Стивенсон вскочил, бросился в надежное убежище – ее ванную комнату – и посмотрел на себя в зеркало. Он часто дышал, из носа лило, зубы судорожно сжимались. Он внезапно понял, что кокаин оказался отнюдь не таким чистым, как она обещала. К нему было подмешано еще какое-то вещество, которое сейчас вмешивалось в его мыслительные процессы. И тем не менее ему было так хорошо! Однако вопрос был не в наркотике. Проблема была в том, что он еще ни разу не просил женщину о сексе, небрежно не предложив ей перед этим золотую монету. Даже та шалость с сестрой началась по ее предложению. Эта Марша Макги – не проститутка. Да, по викторианским меркам она, может, и считалась бы распущенной шлюшкой, но деньги она явно не берет. Ну и что, дьявол забери? Если она делает это бесплатно, то она дура.
Он шмыгнул носом, выскочил из ванной и захлопнул дверь. Он просто возьмет и спросит: не хочет ли она с ним лечь? Совокупиться? Прелюбодействовать под омерзительные звуки Элис Купер?
Он вышел из коридора и осипшим гортанным голосом начал:
– Марша…
Замолчав, он достал свои карманные часы и открыл крышку: ему не требовалось произносить ни звука.
Она раскинулась на диване, согнув одну ногу в колене и спустив другую на пол, описывая носочком круги. Руки она закинула за голову, и ее волосы рассыпались по ним лепестками. Марша озорно улыбалась ему: за время его недолгого отсутствия она сняла с себя всю одежду.
Он дал волю беззвучному, леденящему безумию.
* * *
Эми чувствовала себя невероятно усталой и слабой. Она подняла голову, открыла глаза – и инстинктивно бросила взгляд на часы. Они показывали 10.23.45. Всего несколько секунд прошло с того момента, как Эйч Джи передвинул рычаг вперед. Он вытащил ее из кресла, и она привалилась к стенке кабины. Металл казался теплым, что ее удивило: она ожидала, что он будет холодным. А еще из-под обшивки слышались скрипы и потрескивания, что было даже более дико. Она попыталась вспомнить, что происходило после того, как рычаг со щелчком встал на место, однако промежуток времени был слишком коротким, слишком маленьким. Она туманно отметила бешеный вихрь ярких красок – а потом волну темноты, но и только.

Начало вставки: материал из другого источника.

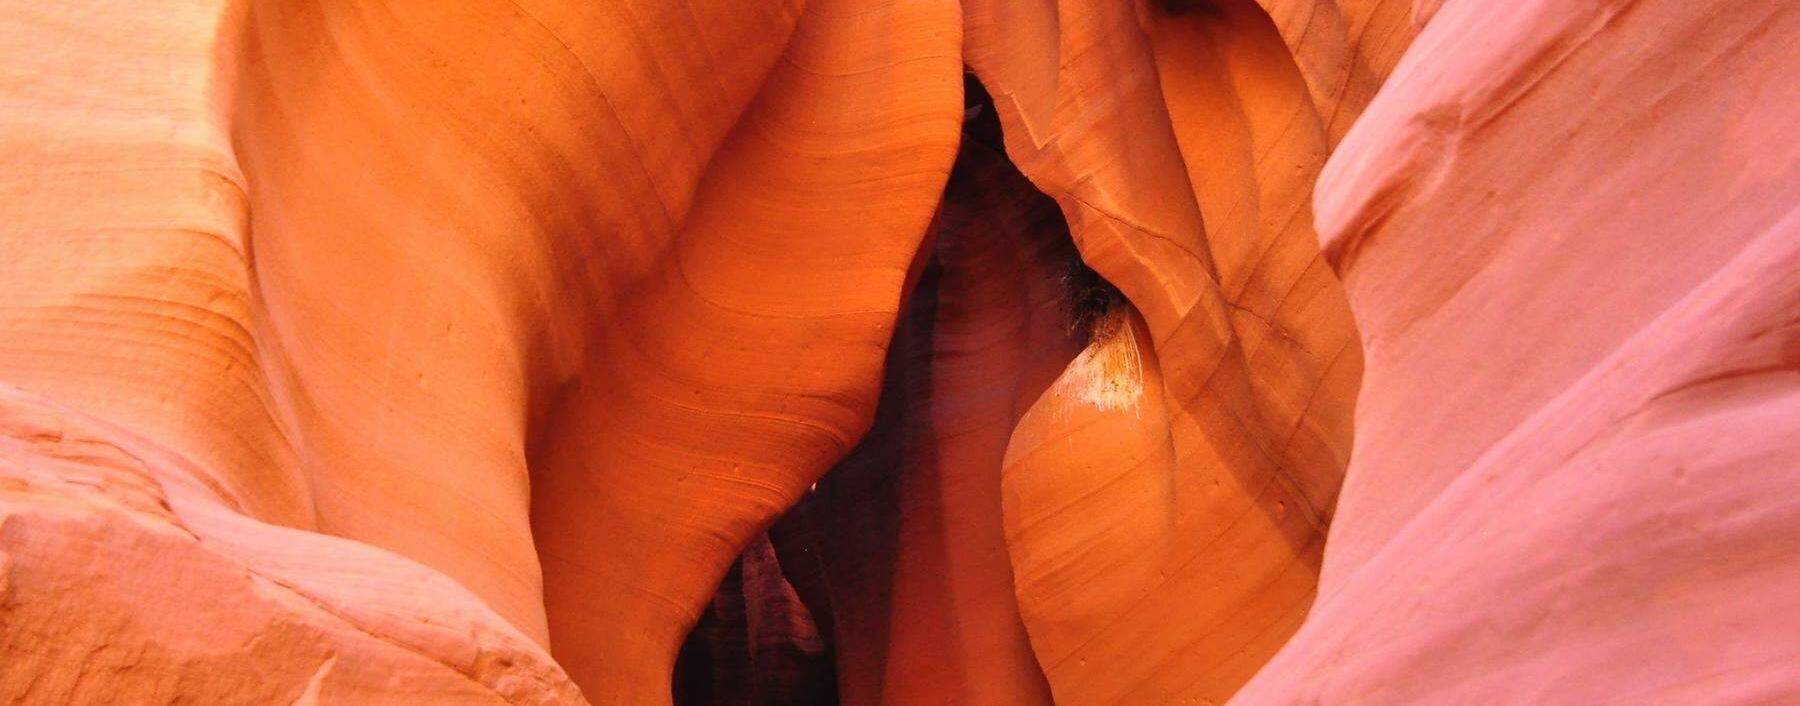 Eine Vulva aus Stein aus Arizona

Они отошли от машины времени. К Эми вернулись силы – и она быстро обвела взглядом выставочный зал. Все казалось прежним. Да и сам Уэллс вроде не изменился. И вообще – чем это он сейчас занят? Вставляет и поворачивает маленький ключик на штуке с маркировкой «ФОВ» над дверной ручкой? А, ладно…
– Ничего не изменилось, – уныло констатировала она.
– Мы же отправились всего лишь в субботу, помнишь?
Он щедро растянул губы в улыбке Чеширского Кота.
Неужели она стала первой настоящей Алисой? Неужели действительно прыгнула вперед во времени? Она нахмурилась, не желая в это поверить – и в то же время понимая, что что-то произошло.
– Что ты сделал?
Голос ее прозвучал решительно и четко.
– Перевез тебя в воскресенье.
Он казался совершенно спокойным – даже не дергал себя за ус.
– У меня складывается впечатление, – возразила она, – что ты никуда меня не отвозил.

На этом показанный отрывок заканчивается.